I try to extract users requests from url. I try to search answer, but I only find how to parse string. But I have a problem, that I should identify a lot of urls with request and when I try to get string with attribute, attributes with text are different. I mean when I try

pat = re.compile(r"\?\w+=(.*)")
search = ['yandex.ru/search', 'youtube.com/results', 'google.com/search', 'google.ru/search', 'go.mail.ru/search', 'search.yahoo.com/search', 'market.yandex.ru/search', 'bing.com/search']
for i in urls:
    u = re.findall(pat, i)
    if any(ext in i for ext in search):
        if len(u) > 0:
            str = urllib.unquote(u[0])
            print str
            print {k: [s for s in v] for k, v in parse_qs(str).items()}

And it looks like

chromesearch&clid=2196598&text=королевы крика смотреть онлайн&lr=213&redircnt=1467230336.1
{'text': ['\xd0\xba\xd0\xbe\xd1\x80\xd0\xbe\xd0\xbb\xd0\xb5\xd0\xb2\xd1\x8b \xd0\xba\xd1\x80\xd0\xb8\xd0\xba\xd0\xb0 \xd1\x81\xd0\xbc\xd0\xbe\xd1\x82\xd1\x80\xd0\xb5\xd1\x82\xd1\x8c \xd0\xbe\xd0\xbd\xd0\xbb\xd0\xb0\xd0\xb9\xd0\xbd'], 'clid': ['2196598'], 'lr': ['213'], 'redircnt': ['1467230336.1']}
минималистичный+стиль&newwindow=1&biw=1280&bih=909&source=lnms&tbm=isch&sa=X&ved=0ahUKEwikhI2M_s3NAhXBBiwKHfbEBEEQ_AUIBigB#imgrc=Er7qLiHoEGPIGM:
{'bih': ['909'], 'newwindow': ['1'], 'source': ['lnms'], 'ved': ['0ahUKEwikhI2M_s3NAhXBBiwKHfbEBEEQ_AUIBigB#imgrc=Er7qLiHoEGPIGM:'], 'tbm': ['isch'], 'biw': ['1280'], 'sa': ['X']}
минималистичный+стиль&newwindow=1&biw=1280&bih=909&source=lnms&tbm=isch&sa=X&ved=0ahUKEwikhI2M_s3NAhXBBiwKHfbEBEEQ_AUIBigB#imgrc=Er7qLiHoEGPIGM:
{'bih': ['909'], 'newwindow': ['1'], 'source': ['lnms'], 'ved': ['0ahUKEwikhI2M_s3NAhXBBiwKHfbEBEEQ_AUIBigB#imgrc=Er7qLiHoEGPIGM:'], 'tbm': ['isch'], 'biw': ['1280'], 'sa': ['X']}
rjulf+ddjlbim+ytdthysq+gby+rjl+d+,fyrjvfn&ie=utf-8&oe=utf-8&gws_rd=cr&ei=ezZ0V-7iOoab6ASvlJe4Dg
{'ie': ['utf-8'], 'oe': ['utf-8'], 'gws_rd': ['cr'], 'ei': ['ezZ0V-7iOoab6ASvlJe4Dg']}
маскаи гейла&lr=10750&clid=1985551-210&win=213
{'win': ['213'], 'clid': ['1985551-210'], 'lr': ['10750']}
1&q=как+выбрать+смартфон
{'q': ['\xd0\xba\xd0\xb0\xd0\xba \xd0\xb2\xd1\x8b\xd0\xb1\xd1\x80\xd0\xb0\xd1\x82\xd1\x8c \xd1\x81\xd0\xbc\xd0\xb0\xd1\x80\xd1\x82\xd1\x84\xd0\xbe\xd0\xbd']}
Jade+Jantzen&ie=utf-8&oe=utf-8&gws_rd=cr&ei=FQB0V9WbIoahsAH5zZGACg
{'ie': ['utf-8'], 'oe': ['utf-8'], 'gws_rd': ['cr'], 'ei': ['FQB0V9WbIoahsAH5zZGACg']}

Is any way to get only text to all strings?

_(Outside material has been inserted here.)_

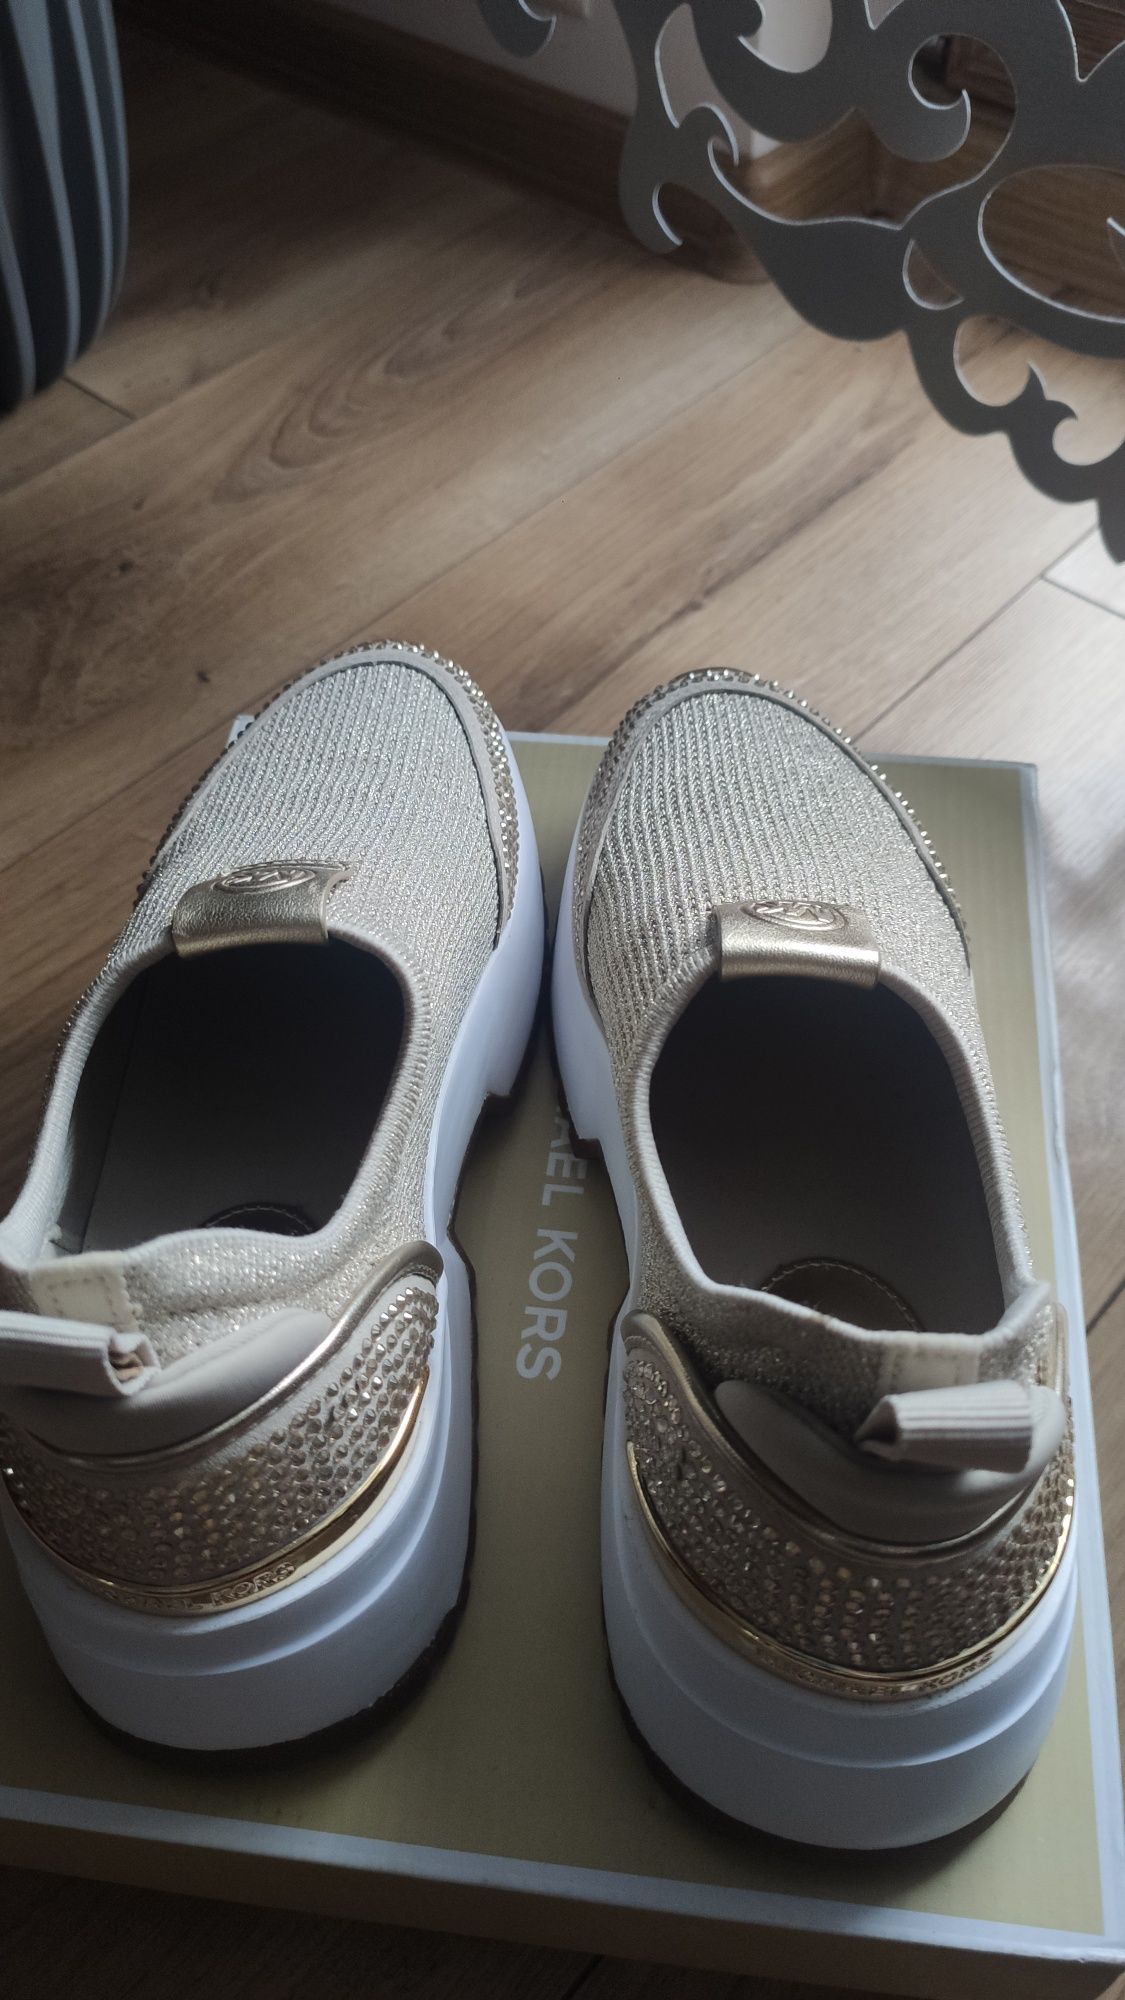 Sneakersy buty Michael Kors Muse Slip On złote oryginalne roz 6M/36

mhawke · Answer 1 · 2016-09-22T12:41:54.187

You can access the text using a dictionary lookup to get the list, then access the first element of the list:

d = {'text': ['\xd0\xba\xd0\xbe\xd1\x80\xd0\xbe\xd0\xbb\xd0\xb5\xd0\xb2\xd1\x8b \xd0\xba\xd1\x80\xd0\xb8\xd0\xba\xd0\xb0 \xd1\x81\xd0\xbc\xd0\xbe\xd1\x82\xd1\x80\xd0\xb5\xd1\x82\xd1\x8c \xd0\xbe\xd0\xbd\xd0\xbb\xd0\xb0\xd0\xb9\xd0\xbd'], 'clid': ['2196598'], 'lr': ['213'], 'redircnt': ['1467230336.1']}
text = d['text'][0]

>>> print text
королевы крика смотреть онлайн

Or you can get it directly from the parse_qs result:

>>> print urlparse.parse_qs(s)['text'][0]
королевы крика смотреть онлайн

To apply that to your code such that it will work for all values:

print {k: v[0] for k, v in parse_qs(str).items()}

i.e. take the first item of each values list.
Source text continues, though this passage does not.